Earlier this year, Wood decided that it was time to start giving back.

She joined the organizing committee for the Kamloops Canadian Breast Cancer Foundation CIBC Run for the Cure — and she is full of praise for the other women involved in the event.

“The people are amazing, they’re absolutely amazing,” she says. “It’s incredible the amount of contribution that goes on there.”

But, while she would love to see a world without breast cancer — or any other form of the disease — Wood wouldn’t trade her own diagnosis for anything.

“When I look back, I’m so grateful,” she says.

“I can honestly say that breast cancer was the best thing that ever happened to me.”

 

You can still register for Run for the Cure

This year’s Canadian Breast Cancer Foundation CIBC Run for the Cure takes place on Sunday, Sept. 30, at the Rotary Bandshell in Riverside Park.

Participants can run or walk a one- or five-kilometre course.

Registration is still open.

Individual runners can sign up today (Sept. 27) from 10 a.m. to 9 p.m. and on Friday, Sept. 28, from 1 p.m. to 6 p.m. at The Running Room in the Columbia Place Shopping Centre on Summit Drive.

Pre-registered teams can also drop by The Running Room between those hours to pick up their T-shirts.

Day-of registration and donation drop-offs begin at 9 a.m. in Riverside Park.

The opening ceremony begins at 10 a.m., with runners taking off at 10:30 a.m.

Last year, the Kamloops event brought out more than 1,300 participants, running in groups or as individuals, who raised more than $189,000.

Nationally, the run raised more than $30 million in 2011 for the Canadian Breast Cancer Foundation, which funds research, education and awareness programs and works to improve the quality of life of people diagnosed with breast cancer.

According to the foundation, breast cancer is the most common type of cancer diagnosed in Canadian women, accounting for 26 per cent of all cases.
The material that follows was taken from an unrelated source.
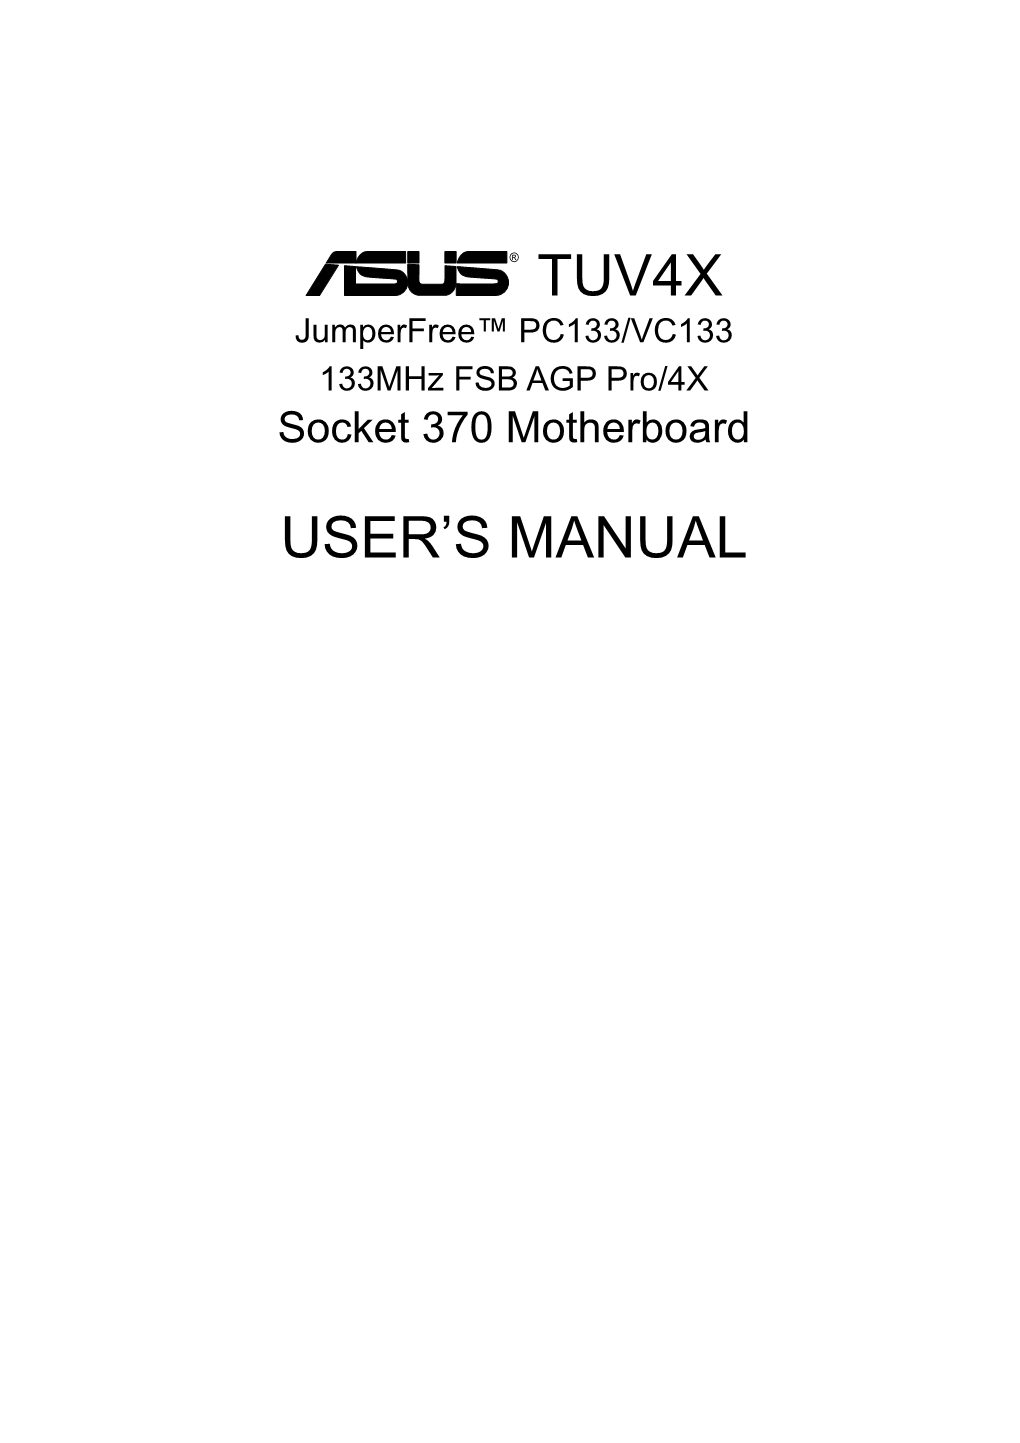 Tuv4x User's Manual

One in nine women will be diagnosed with breast cancer in her lifetime and one in 29 will die of it. In 2012, an estimated 200 men will also be diagnosed with the disease.

 

Event-days schedule

6:30 a.m.: Set-up Crew arrives (coffee will be available  starting around 7:30 a.m.)

8:30 a,m,: Registration opens

9 a.m.: Entertainment, Black Dog Blue

9:45 a.m.: Vince Watson sings Clint Black ( Put Yourself in My Shoes)

9:50 a.m.: Allana Watson sings Tribute Song (I’ll Always Love You)

10 a.m.: Opening ceremony, O Canada, Miss Kamloops & Princesses, guest speakers (CBCF, Susan Ewanick; CIBC, Rick Sallis; TIB Chief Shane Gottfriedson; Kamloops Mayor Peter Milobar)

10:20 a.m.: Warm-up by Vergel Jolie, sponsored by Get Cracking!

10:30 a.m.: Run begins

10:35 a.m.: Entertainment, Devon Coyote; Domino’s tent open to Volunteers; all festivities open to participants and volunteers

11:30 a.m.: Closing ceremony begins; Survivor Speech, Sandy Wood

11:34 a.m.: Rick Jenker from the Running Room introduces Survivor Parade

11:45 a.m.: Closing ceremony and awards presentations

12:05 p.m.: Announcement of final draws

12:15 p.m.: Run day totals announced

12:20 p.m.: Clean-up begins

The Canadian Breast Cancer Foundation CIBC Run for the Cure is the largest single-day, volunteer-led national event in Canada in support of breast cancer. Kamloops joins 58 other communities across the country raising funds for breast cancer research, education and awareness programs.